Despite these limitations, the continued popularity of coefficient alpha and the last-mentioned index across various disciplines remains extensive. There seems to be also a tendency among some applied scientists to use alpha as a coefficient presumably informing about reliability with measuring instruments possessing complex structure that cannot be even approximately considered unidimensional. A particular type of such measuring instruments taps into several interrelated constructs that load on a second-order factor common to them. These instruments are likely to be of relevance in empirical research when validity considerations and especially construct underrepresentation concerns may lead scholars to include components related to more than one latent variable in an instrument being developed. For example, a mathematics ability test could consist of one part evaluating algebra ability, another assessing geometry ability, a third measuring trigonometry ability, and a fourth comprising problems assessing abstract thinking ability; thereby, these four abilities may load on a second-order factor representing the targeted mathematics ability (e.g., Raykov, Marcoulides, & Menold, 2017). In situations like this, the reliability of the overall scale score is oftentimes of particular interest. However, as may be implied from Novick and Lewis (1967), it would in general be incorrect to use coefficient alpha then despite its still high popularity as an index of overall scale consistency. The reason is that with uncorrelated measurement errors alpha is a lower bound of reliability, with the population discrepancy of the former from the latter possibly being of marked magnitude (e.g., Raykov, 1997; for the correlated error case, when that slippage of alpha can be considerable, see for instance Bollen, 1980, and Raykov & Marcoulides, 2011).
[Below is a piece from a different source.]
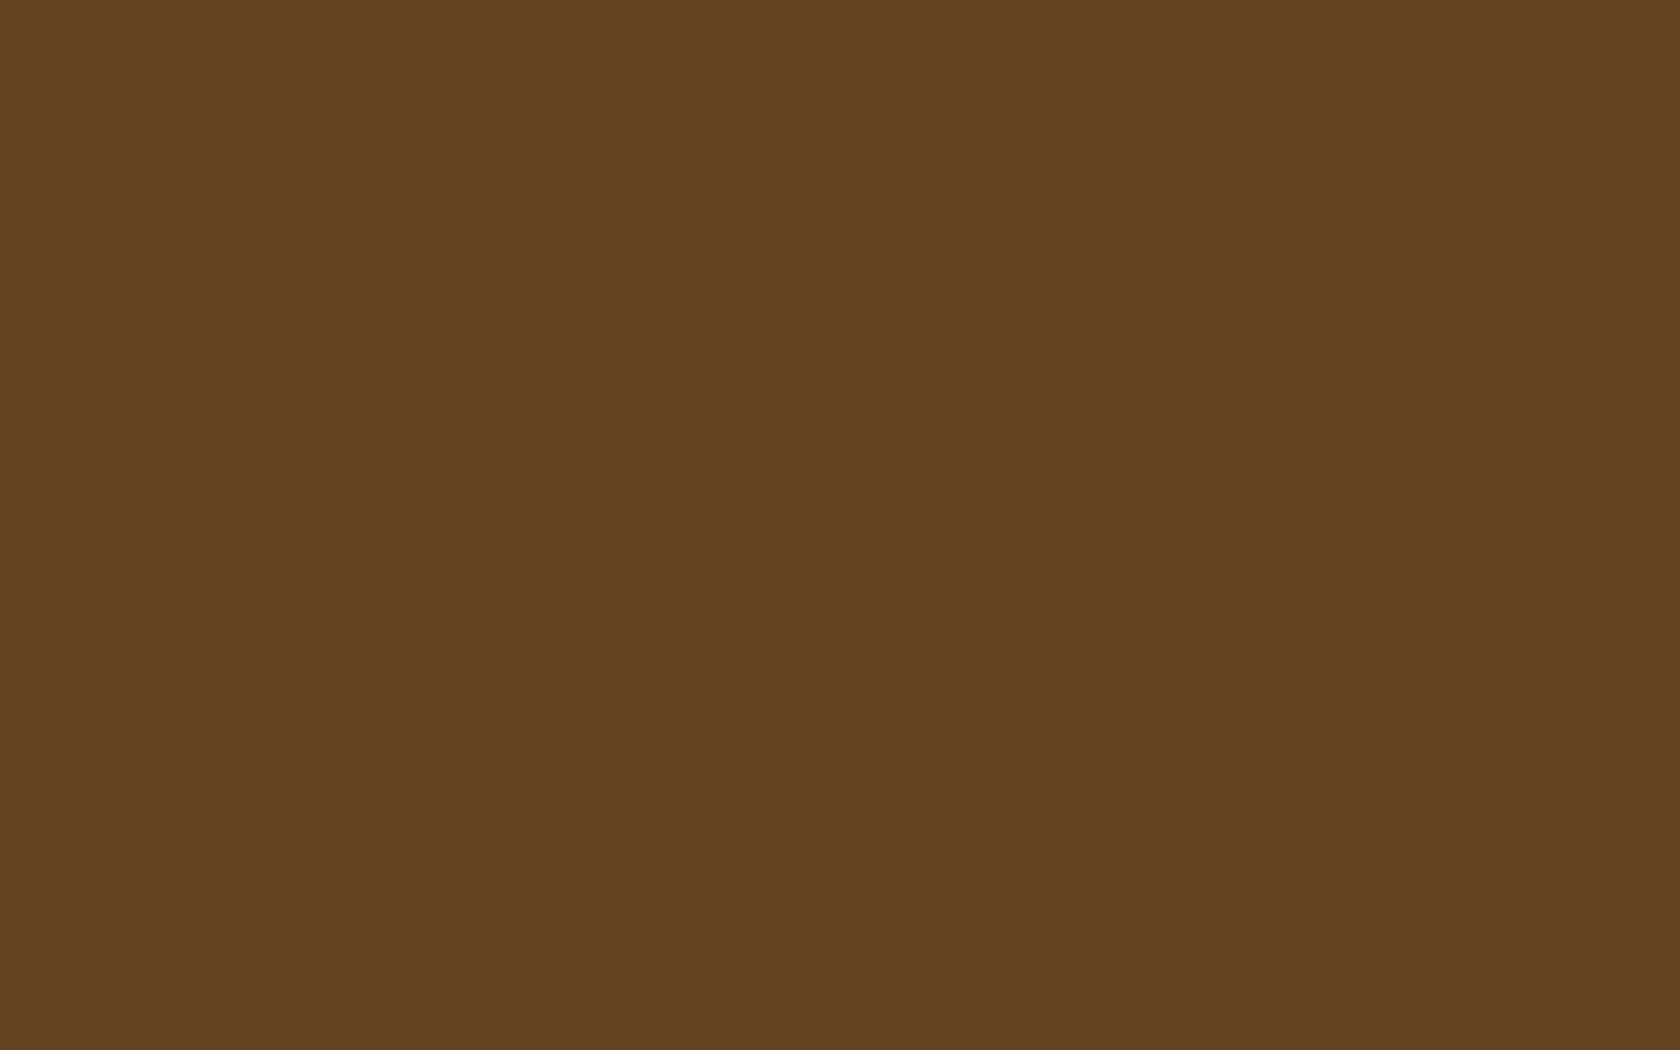 1680x1050 Dark Brown Solid Color Background

The present note aims to contribute to the study of the population discrepancy between coefficient alpha and scale reliability, focusing specifically on measuring instruments possessing second-order factorial structure. To this end, we discuss a latent variable modeling (LVM; e.g., B. O. Muthén, 2002) procedure, which allows point and interval estimation of the population slippage of alpha from the reliability coefficient pertaining to the overall sum score (or mean) of the components of such instruments. The goal of the article is also to raise awareness about what may be considered at times nearly indiscriminate use of coefficient alpha in some areas of empirical educational and psychological research, particularly with tests, scales, or inventories possessing a second-order latent structure, where alpha can be seriously misleading as a lower bound of reliability. The discussed method is illustrated on data from a study involving measurement of the multidimensional concept of authoritarianism (e.g., Beierlein, Asbrock, Kauff, & Schmidt, 2014, and references therein).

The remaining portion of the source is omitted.